Morphologically, Babesia goianiaensis nov. sp. resembles other large Babesia species that infects wild and domestic mammals, thus differing from small Babesia species typically found in rodents, such as Babesia microti and Babesia rodhaini. Congruently, phylogenetic analyses based on the near-complete 18S rRNA gene positioned this new clade as a sister to Babesia sensu stricto, which was supported by additional analyses based on the hsp-70 gene. On the other hand, phylogenetic analysis based on the cox-3 gene positioned this new clade closer to Theileria sensu stricto. This finding could be explained due to the influence that patterns of gene evolution have on phylogenetic positioning [38]. The near-complete 18S rRNA gene has been used as a reliable phylogenetic marker, the conserved nature of which provides high statistical support for clades. Indeed, such a gene is more useful for interspecies differentiation than for intraspecific analysis [39,40,41]. The hsp-70 gene encodes conserved proteins and has also been considered a good marker for evolutionary studies [42,43]. On the other hand, the cox-3 gene shows a rapid evolution rate, which can result in low sequence similarities. For instance, Tian et al. [40] showed that there may be differences in the phylogenetic positioning provided by cox-3 and 18S rRNA due to the rapid evolution and the small fragment size analyzed in the cox-3-based phylogenies. Finally, considering that the intergenic region ITS is highly variable, this leads to a complex evolutionary pattern, making it not widely used for phylogenetic analysis [40]. For such a reason, phylogenetic inferences based on the latter molecular marker were not performed in the present study.
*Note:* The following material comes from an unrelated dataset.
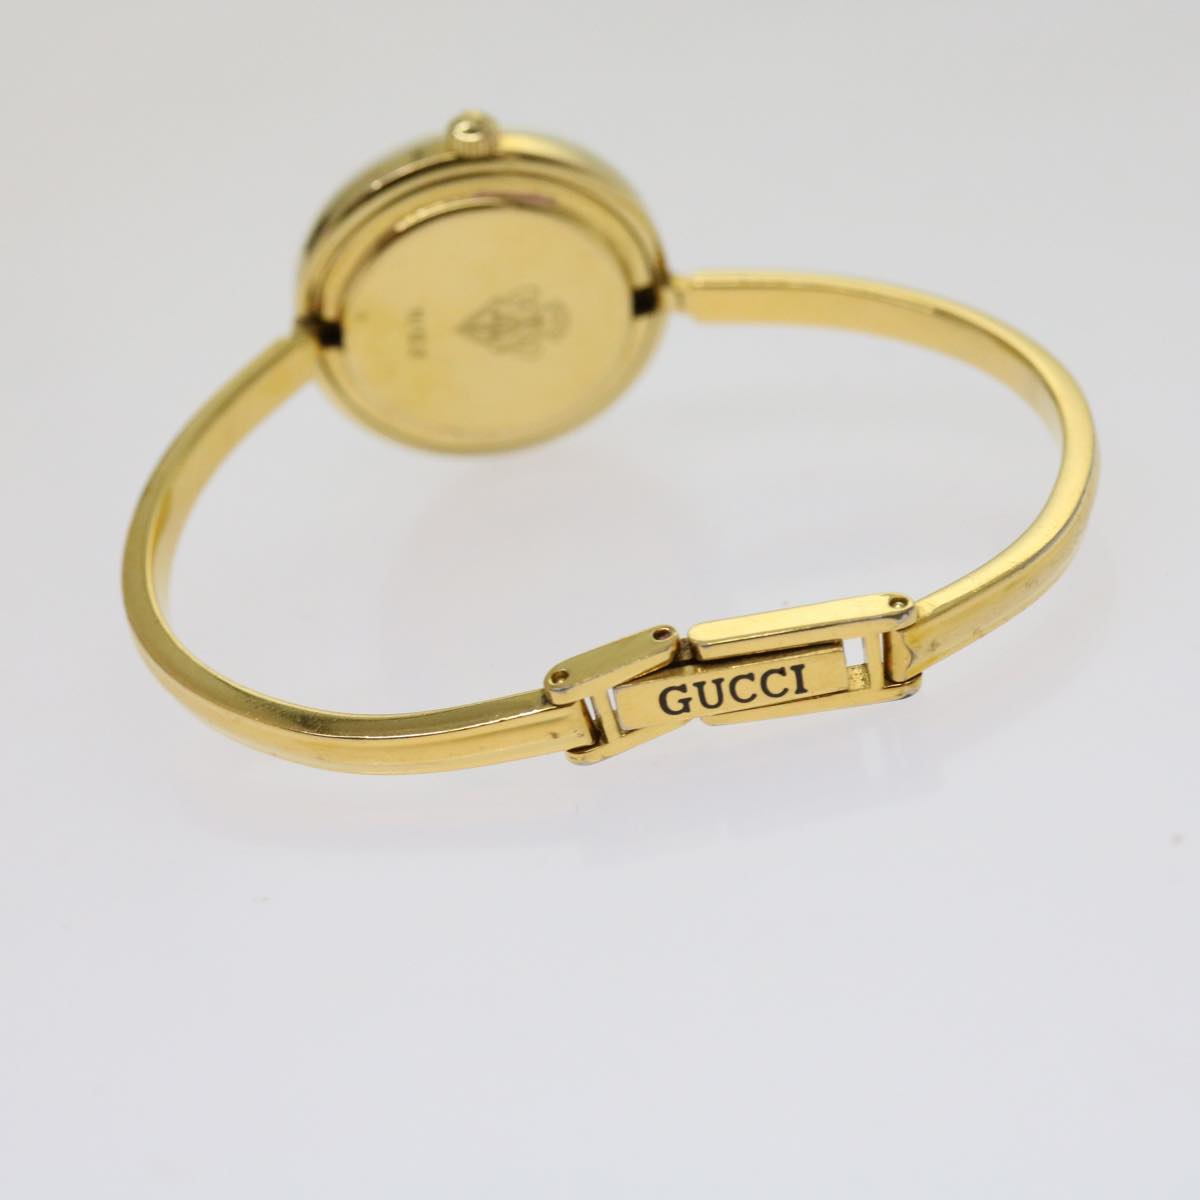 GUCCI Watches Gold Tone White Auth am5459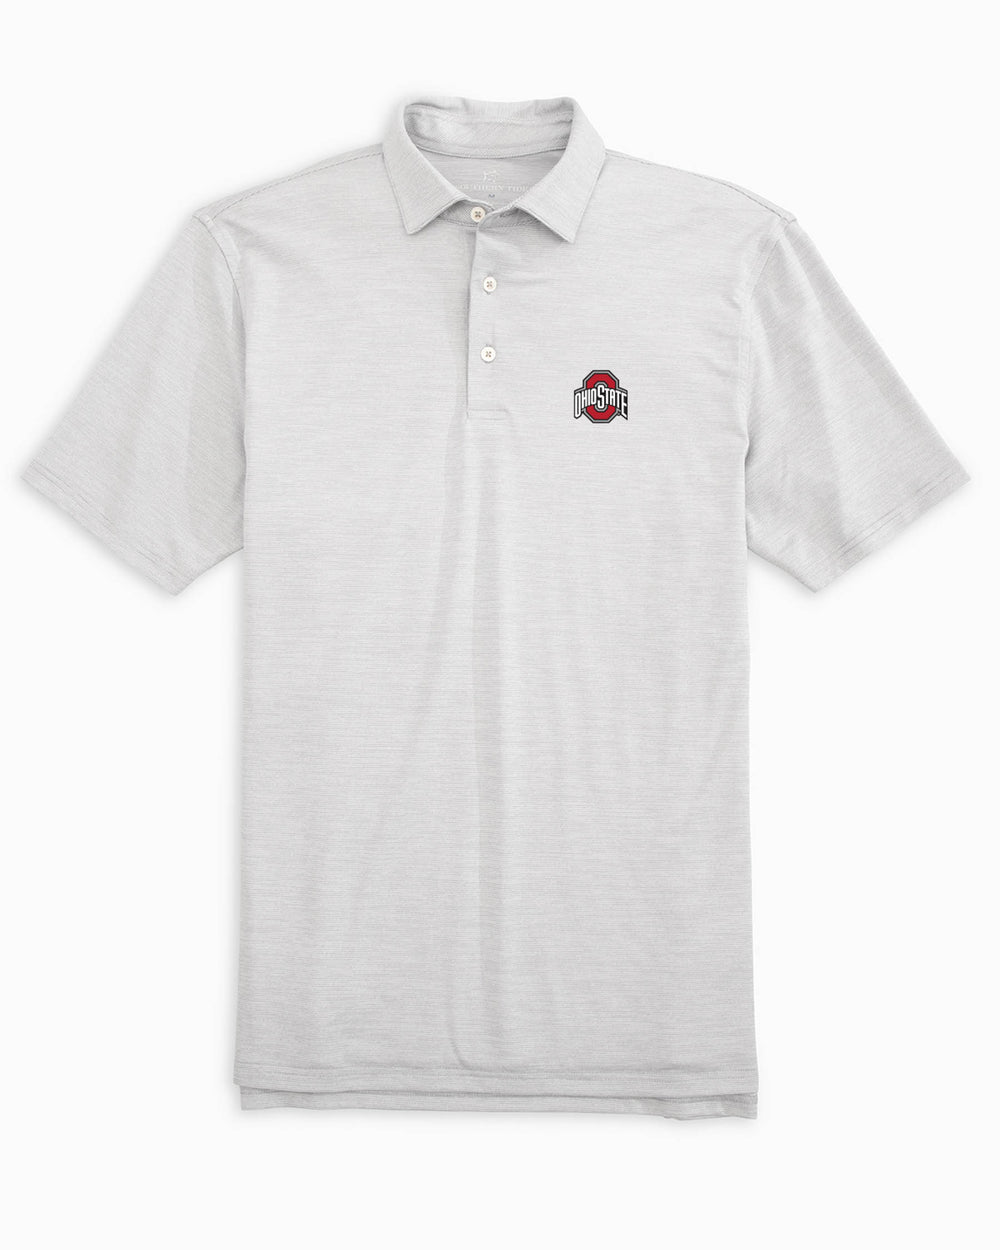 The front of the Ohio State Buckeyes Driver Spacedye Polo Shirt by Southern Tide - Slate Grey

The pairwise distance analysis also supported the definition of a novel Piroplasmida species since the divergence rates between the 18S rRNA sequences detected in capybaras compared to the other piroplasmid sequences already described were very high, ranging from 9.35 to 12.85%. When we compared the divergence among the capybara-associated sequences, lower divergence rates were found among them (range 0 to 1.67%). Noteworthily, distinct Piroplasmida species belonging to the same clade with divergence rates even lower than those found herein have already been reported. For instance, the “Peircei group” is composed of avian-associated Babesia species, the 18S rRNA divergence rate of which varies from 0 to 0.44% among B. poelea, B. peircei and B. ugwidiensis. Similarly, Mongruel et al. [12] described a novel Theileria species (Theileria terrestris) in lowland tapirs (Tapirus terrestris) showing low parasitemia from midwestern Brazil, using phylogenetic inferences based on the same molecular markers used herein. Likewise, three novel species of Cytauxzoon spp., namely, C. otrantorum, C. banethi and C. europaeus, were described based only on molecular data [44]. These works demonstrate that the diversity of piroplasmids in wild animals is far from being unraveled. Noteworthily, the present work expands the Piroplasmida phylogenetic clades previously proposed by Jalovecka et al. [41], Ikeda et al. [11], Mongruel et al. [12] and Oliveira et al. [13].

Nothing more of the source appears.